Harvey v. State of Mississippi

Decision Date12 January 1965
Docket NumberNo. 22005.,22005.
Citation340 F.2d 263
PartiesClyde HARVEY, Appellant, v. STATE OF MISSISSIPPI, Appellee.
CourtU.S. Court of Appeals — Fifth Circuit

Anthony G. Amsterdam, Philadelphia, Pa., R. Jess Brown, Jackson, Miss., Jack Greenberg, New York City, for appellant.

Harold W. Davidson, James E. Smith, Carthage, Miss., for appellee.

Before TUTTLE, Chief Judge, JONES and ANDERSON,* Circuit Judges.

TUTTLE, Chief Judge:

On July 10, 1964, Clyde Harvey, a Negro farmer living nine or ten miles from Corinth, Mississippi, was stopped on the way home from town and arrested without a warrant, taken to jail and charged with "possession of whiskey." This is a misdemeanor under the Mississippi Statute punishable by a fine of up to $500 and up to 90 days in jail.1

On July 13, Harvey went to the home of the Justice of the Peace. In the language of the Justice the following is what happened:

"I went out in front of my house in the yard. He drove the pick-up, pulled up at my driveway, and I went out on the porch and turned the light on. It was getting pretty dark. I saw it was him and I went on out there and he told me he had come down there to enter a plea of guilty. He said he knew that was his whiskey and said he just wanted to enter a plea of guilty to it.
"Q. Did you accept the plea?
"A. Yes, sir
"Q. Did he ask you about what the sentence would be?
"A. Yes. He wanted to know how much the fine would be. I told him I would like to investigate the thing. I at first asked him, `Clyde, are you selling whiskey?\' He said, `No,\' I told him that I wanted to investigate the case further and said, `If you are a bootlegger, I am hard sic on a man that sells whiskey that I am a man that just drinks it.\' And I told him I would let him know the regular court day what his fine would be. And he left and that\'s the last time I saw Clyde Harvey."

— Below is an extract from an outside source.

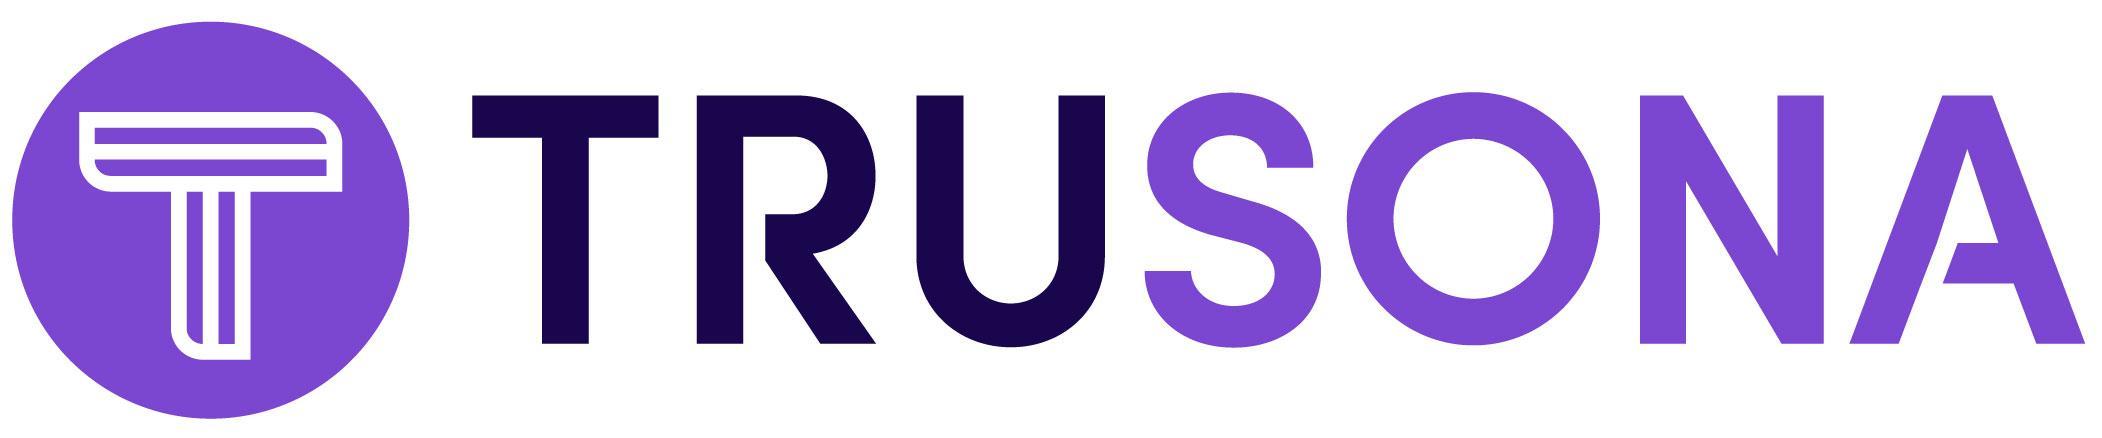 Trusona-2017-Logo.jpg

The regular court day, to which the case was returnable was July 23rd at Walnut Grove.

On the night before the day fixed for court, Justice of the Peace Adams stated that a lawyer called him from Jackson, Mississippi, stating that he was calling in behalf of Clyde Harvey who wanted to know "what we had done." He said that he told the lawyer that Harvey had already pleaded guilty to the charge and he told him he would let them know what the sentence was on the regular court day, "that I wanted to investigate it." The next day two lawyers came to court stating that they were there "in behalf of Clyde Harvey." The testimony then goes on: "I told them again he had already pleaded guilty to the charge and all I lacked was sentencing. And they wanted to know what the fine was going to be and I told them to contact me that night and I would tell them. So one of them called me from Jackson and wanted to know had I decided. I told them I had and I told them what the fine would be then."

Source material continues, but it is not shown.